Updated by Laurent GUERBY over 8 years ago
Since no user level workaround were effective we rebuilt the ubuntu trusty 3.19 kernel with the following patch:
https://bugzilla.kernel.org/show_bug.cgi?id=107301#c6
The patch simply removes the mbcache code from ext4 xattr handing.
The kernel developpers are discussing what to do in the bugzilla, Sage and the Lustre developpers stepped in as users.
No issue so far in two days of production on our 11 machines with the new kernel.

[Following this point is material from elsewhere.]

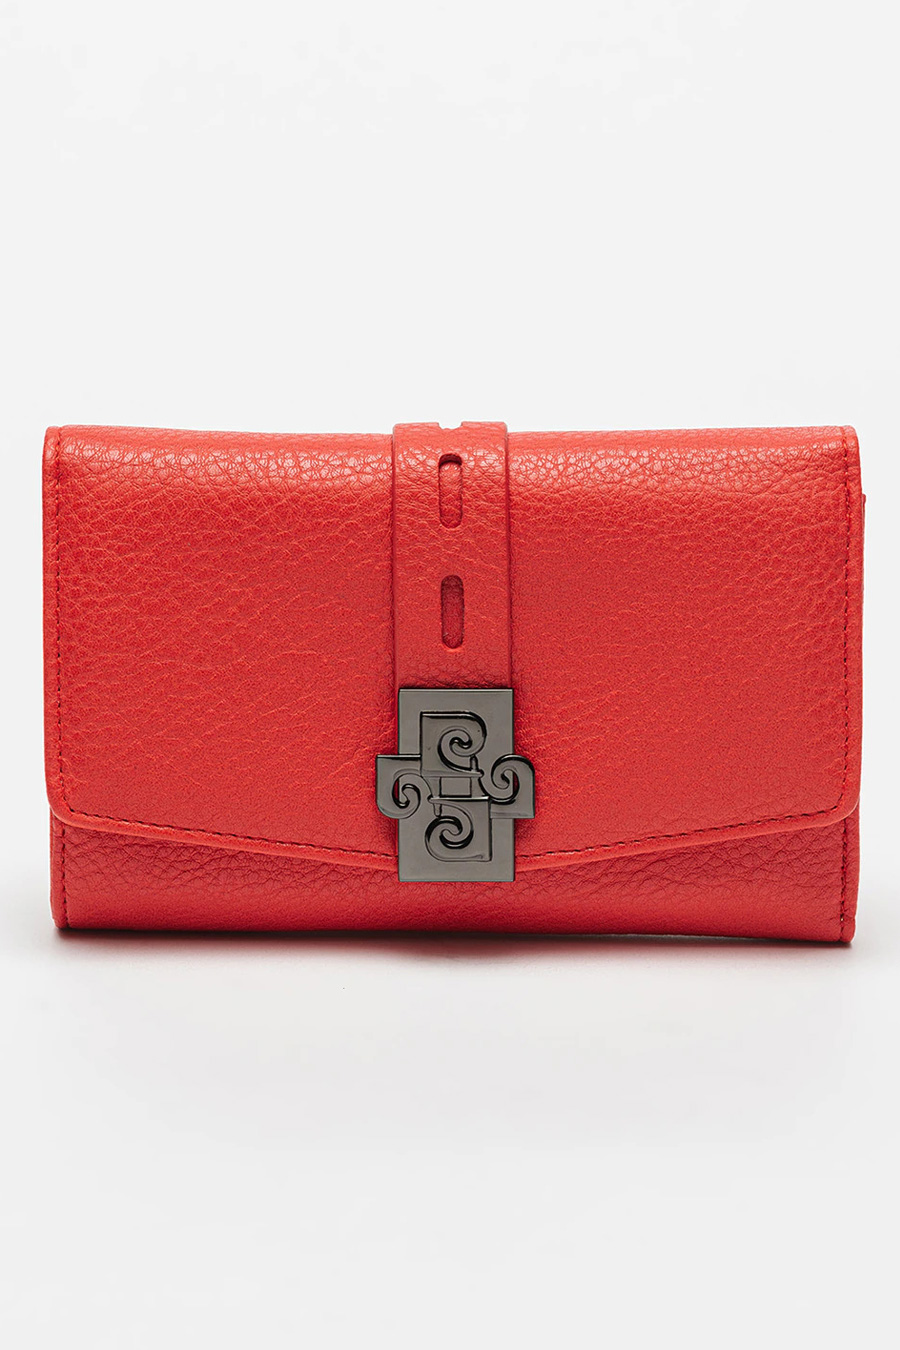 Wallet PIERRE CARDIN PC-1695-LADY-45-ROSSO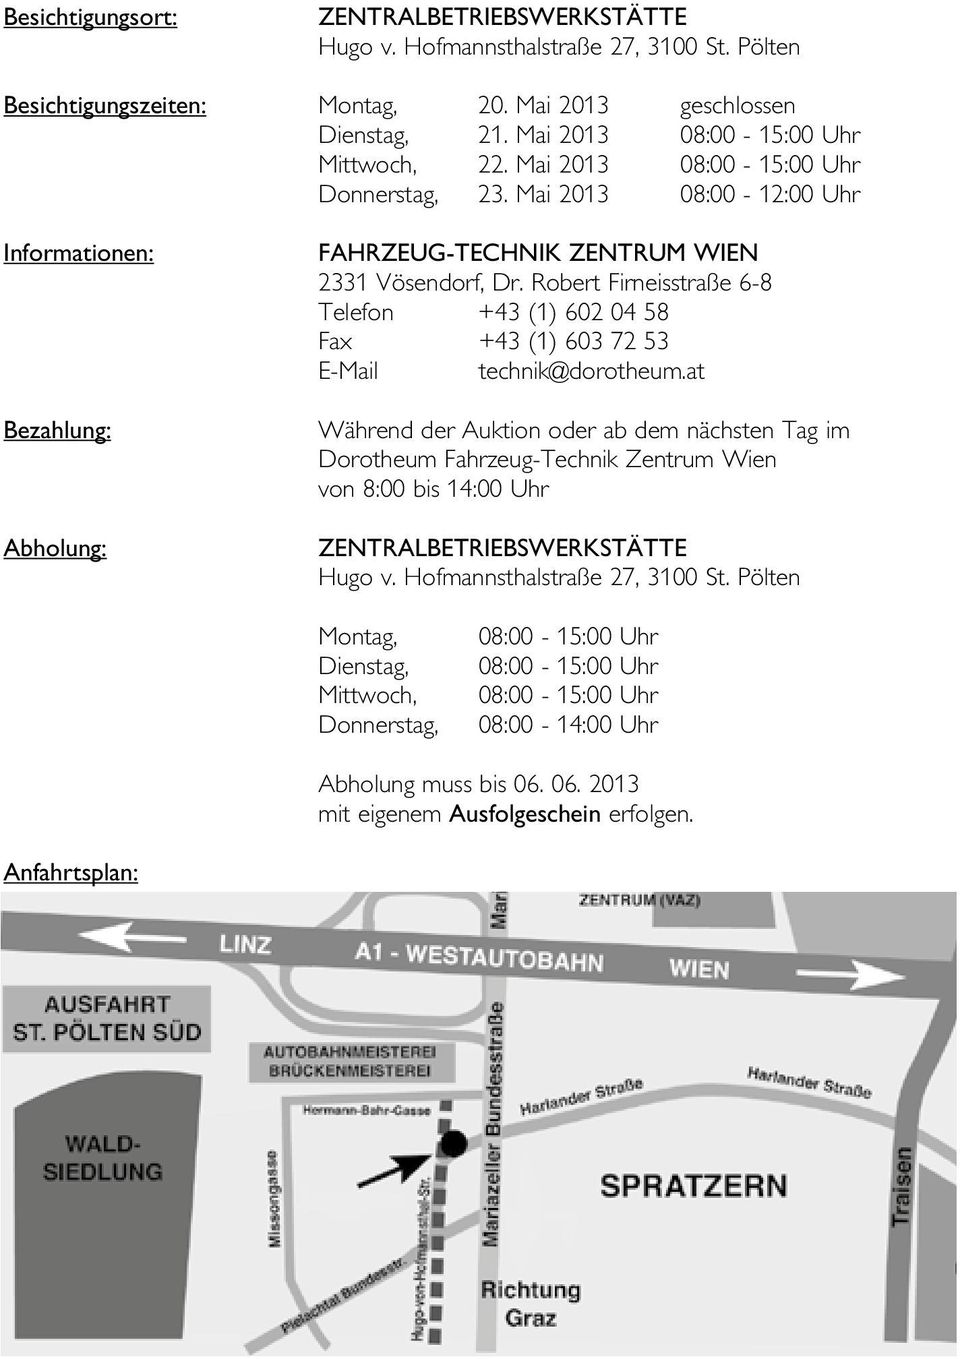 Robert Firneisstraße 6-8 Telefon +43 (1) 602 04 58 Fax +43 (1) 603 72 53 E-Mail technik@dorotheum.

Updated by Loïc Dachary over 8 years ago
- Description updated (diff)
- Status changed from Need More Info to 15
- Priority changed from High to Normal
Updated by Yuri Weinstein over 8 years ago
- Related to Bug #14505: "kernel: BUG: soft lockup - CPU#1 stuck" in upgrade:infernalis-infernalis-distro-basic-openstack added
Updated by Anonymous about 8 years ago
I just updated the korg bugzilla and updating this ticket accordingly.
The 4.6.x series of the kernel will feature a patch from Jan Kara that should solve this issue but upstream in the Kernel.
If Laurent & Medhi can confirm that 4.6.x is safe that would be ideal to report Ceph users considering using such kernel to avoid the issue you had.